Tener en China un perro en casa es la mejor manera de decirle al mundo que se es parte de una nueva casta a la cual le sobra el dinero y el tiempo y, sobre todo, que quiere marcar su distancia con las costumbres bárbaras del viejo país. Para mostrar a sus hijos cómo era la China de antes —primitiva, ignorante y pobre—, los jóvenes profesionistas dejan a sus mascotas encargadas y se llevan a los niños a vacacionar a Corea del Norte, donde en las calles, por cierto, no hay un solo perro.


Beijing, con más de 20 millones de habitantes y cinco millones de autos, difícilmente se permite un bache, una luminaria fundida, un papel tirado o un paso a desnivel sin jardineras rebosantes de flores. El transporte público es eficiente, los espacios comunitarios son cómodos y concurridos y hay tres turnos diarios de mantenimiento y limpieza en la ciudad. La seguridad es digna de las mejores autocracias: el principal crimen es la estafa al turista desprevenido o el robo de bolsas y carteras en sitios atestados, es decir, en casi todos lados. Pero comparada con la vieja elegancia de Shanghai o el expansivo encanto de Chonking, a Beijing le sobra una monumentalidad apresurada y fría que apila edificios en forma de nido, de huevo, de tortuga o de galaxia diseñados por firmas como Rem Koolhaas o Norman Foster. En su afán modernizador la ciudad se tragó, en un parpadeo, a sus nostálgicos barrios callejoneros, donde los vecinos eran hermanos de banqueta y el tejido social se construía una generación a la vez.

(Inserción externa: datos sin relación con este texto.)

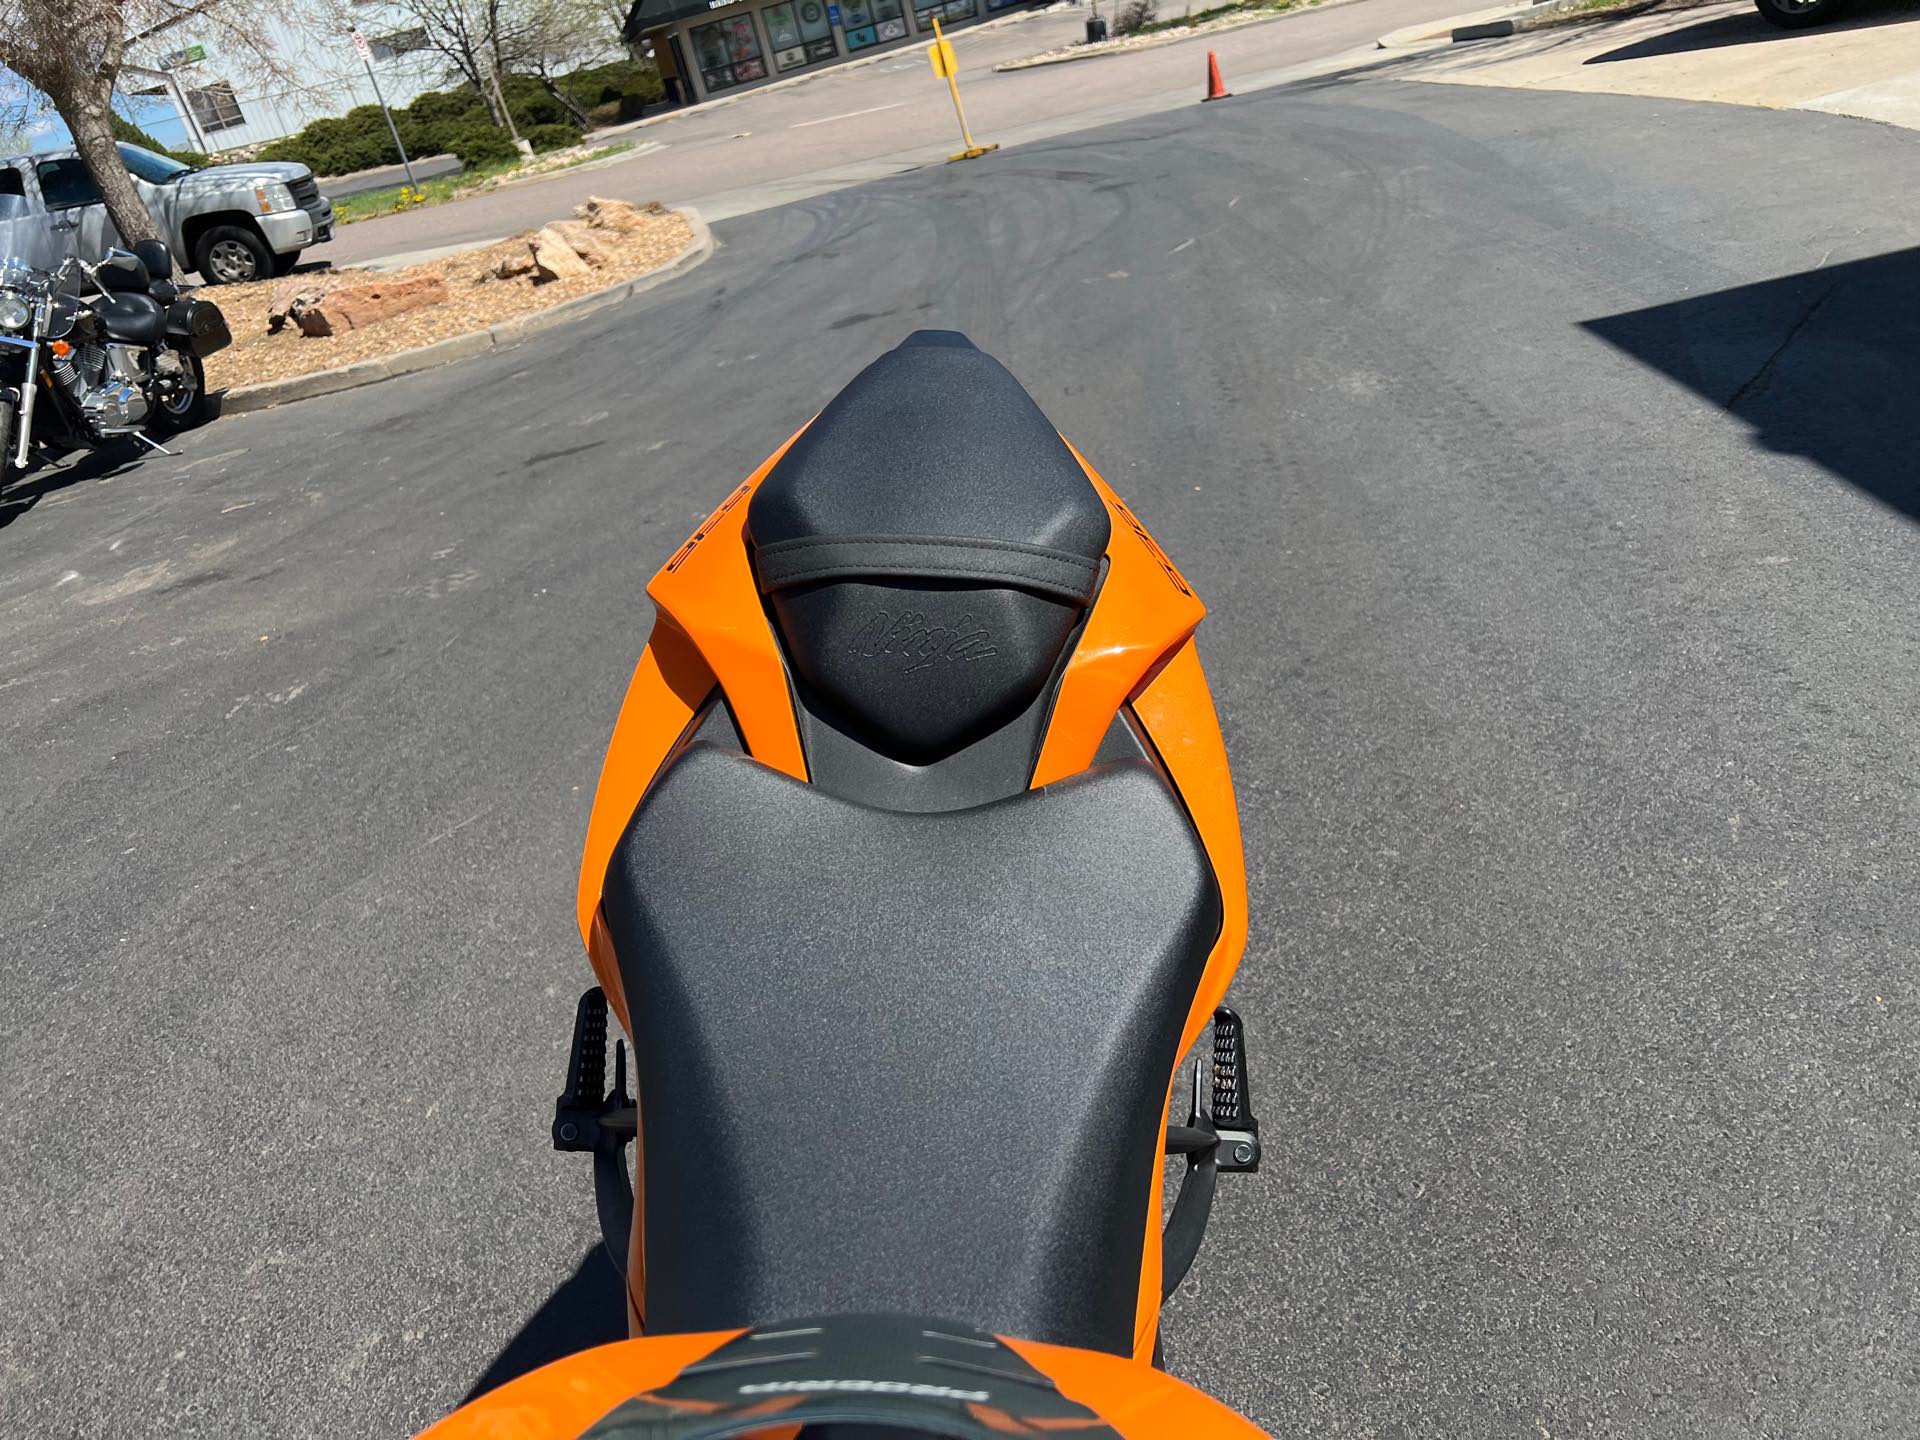 2020 Kawasaki Ninja ZX-6R ABS at Aces Motorcycles - Fort Collins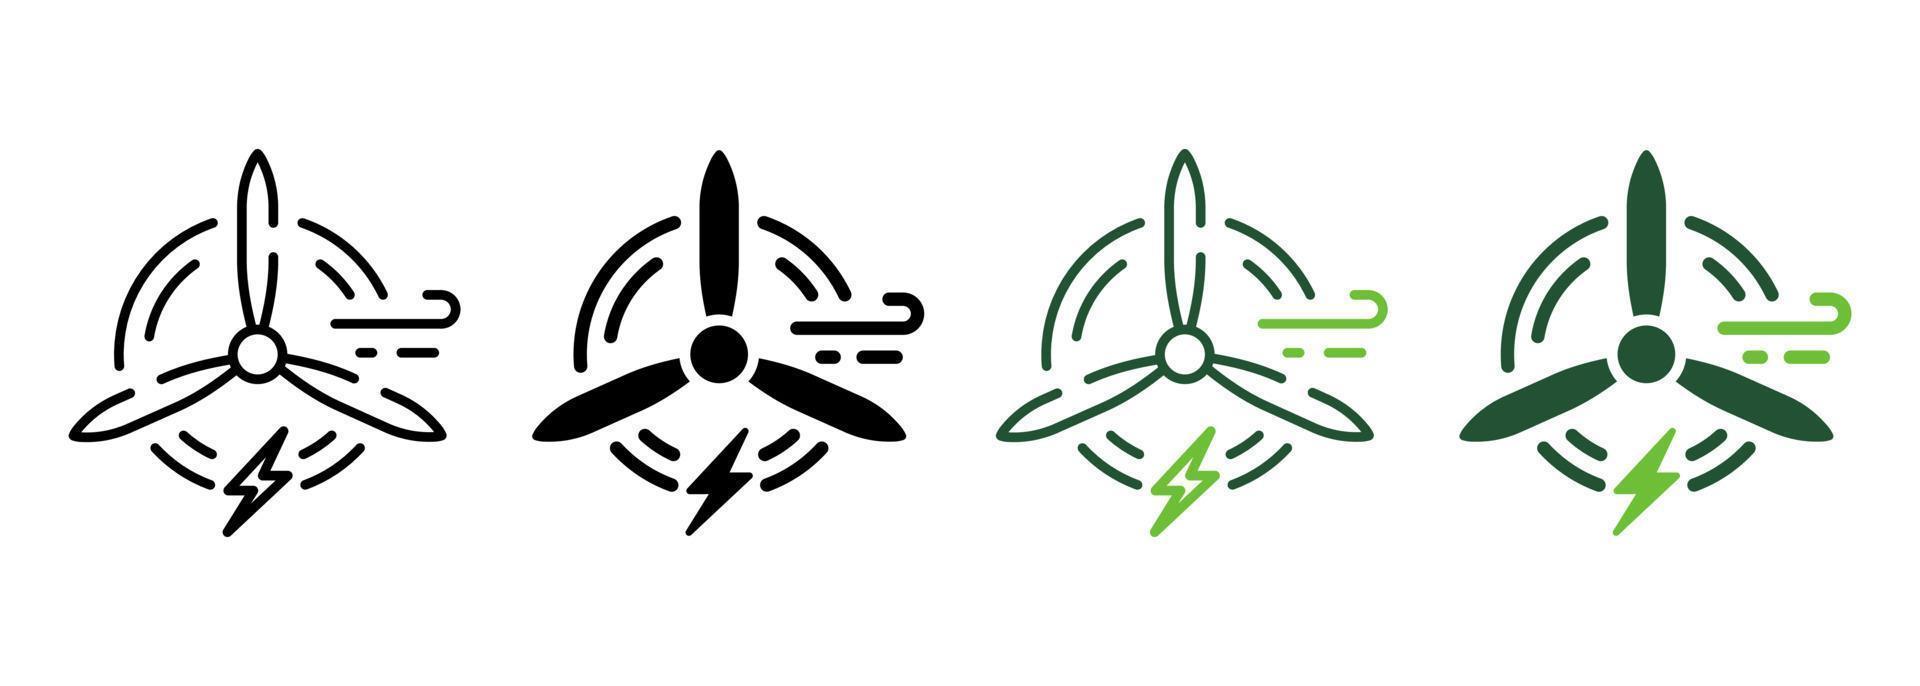 Línea de energía verde de aerogeneradores ecológicos y conjunto de colores de iconos de silueta. pictograma de energía renovable de molino de viento. colección de símbolo de molino de viento ecológico sobre fondo blanco. ilustración vectorial aislada. vector

En los años cincuenta la expansión industrial comenzó por decreto a las puertas de la vieja ciudad imperial. En los sesenta las centenarias murallas de la gran capital del norte fueron demolidas para construir sobre su trazo el Metro por debajo y el segundo anillo periférico —hoy son seis— por encima, y las hermosas casas de patios grises con puertas de laca roja que rodeaban a la Ciudad Prohibida se convirtieron en comunas rápidamente dilapidadas. En los ochenta la modernidad arrasó primero con los barrios tradicionales y luego con sus suburbios agrícolas, verdes de arroz, para erigir condominios asépticos que siguen acogiendo una migración interna rica en el mejor talento del país.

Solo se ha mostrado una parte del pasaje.